The writer in me gratefully welcomes October. During the primary food growing season, my time is so full that I can hardly find any energy to spare. In my head I’m exploring themes and composing paragraphs, but getting any of it down on paper seems just too exhausting. So after the Thanksgiving Day Family Feast, which truly celebrates our abundant harvest, I am once more ready to record some of my experiences.

A Life Rhythm Dictated by the Seasons

Ironically I am a back-to-the-lander who doesn’t own any land. We live in a strata complex of townhouses, so my husband and I rent community garden space. We currently tend 1280 square feet, some public and some on private farmland. Add to that the rich proliferation of wild edibles we find in nature’s garden and we have plenty of fresh organic food to last us year round.

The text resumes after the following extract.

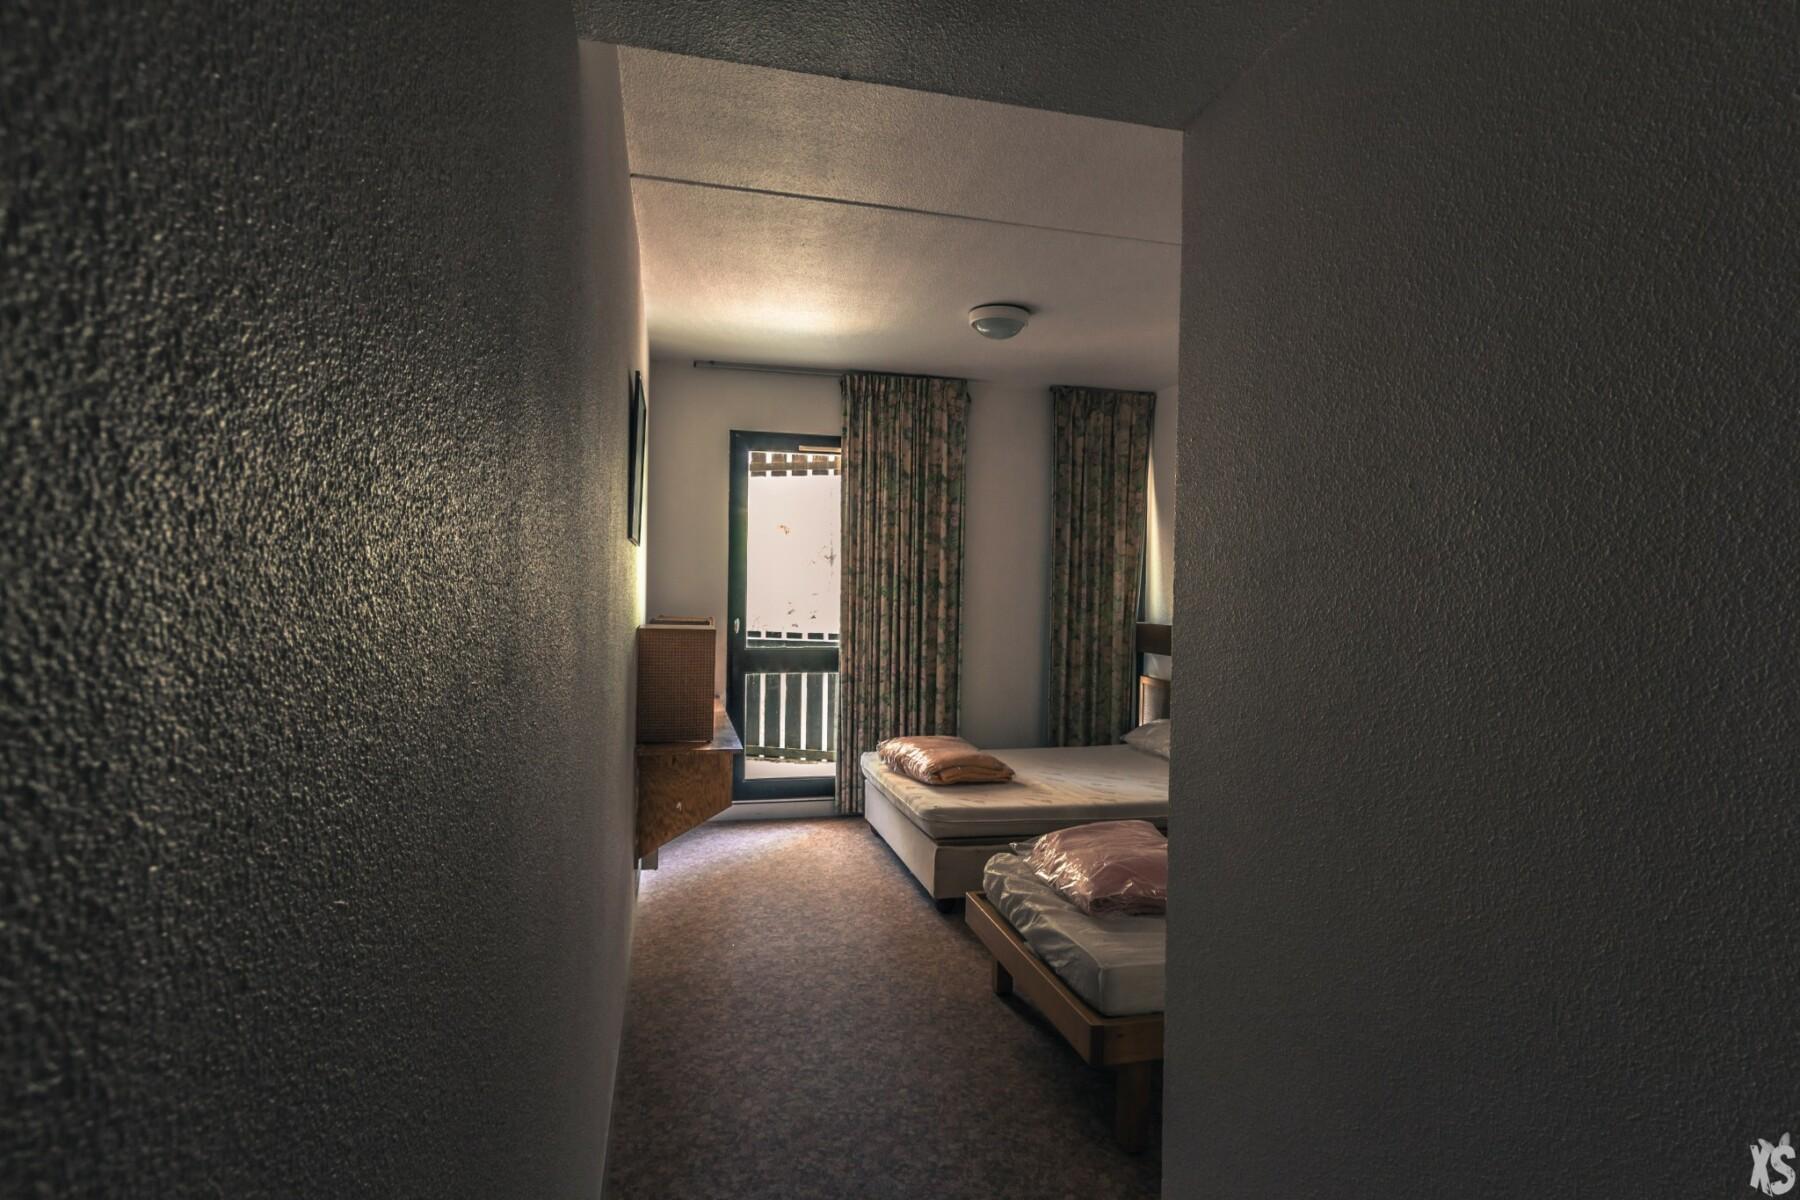 hotel-fryberg-17

Many people have come to realize that eating local food is important. There are so many reasons. I also believe that eating with the seasons is the natural and logical thing to do. By eating seasonally we enjoy a wide variety of produce that changes as the months pass. Experts suggest this will provide maximum health benefits and help stave off food allergies and sensitivities. It certainly ensures a level of freshness and nutrition that can’t be found in chain store produce aisles.

From spring through November, our meals are based almost entirely on what the gardens are producing. We eat fresh food, never more than a day or two old. Springtime gives us rhubarb, greens, radishes, cabbage family crops, and abundant salads as well as our much loved sugar snap peas. Summer is a never ending cycle of planting, picking and processing. The starring role in daily meals is taken over by main season vegetables such as beans, summer squash, beets, onions, New Zealand spinach and cucumbers. Early autumn brings peppers, tomatoes, basil, parsnips and other roots, more cabbage, and the first of the winter squash. Finally around mid-October, we “raise the song of harvest home. All is safely gathered in.”

The pace slows. Trips to the community gardens become less frequent. Now, in the dark months of the year, only the winter vegetables need to be seen to. Instead we spend our food production time getting creative about preserving and using what we’ve grown. 

Keeping the Harvest

We are kept busy “putting by” our surplus garden production in a variety of ways for winter eating. We have two freezers. As of now, both of them are full. We have a five-tray Excalibur dehydrator that runs for many, many hours during weeks of heavy garden production. Dried culinary and medicinal herbs, zoodles, hot peppers, sliced apples and other goodies sit in glass jars on the pantry shelves. We don’t have a root cellar, but we have dedicated our single car garage to food storage (and woodworking). Our not-a-garage houses garlic, shallots, onions, potatoes and five varieties of squash.

This October, new projects happening at the moment are crab apple hot pepper jelly and lacto-fermented garlic. I’ll keep you posted!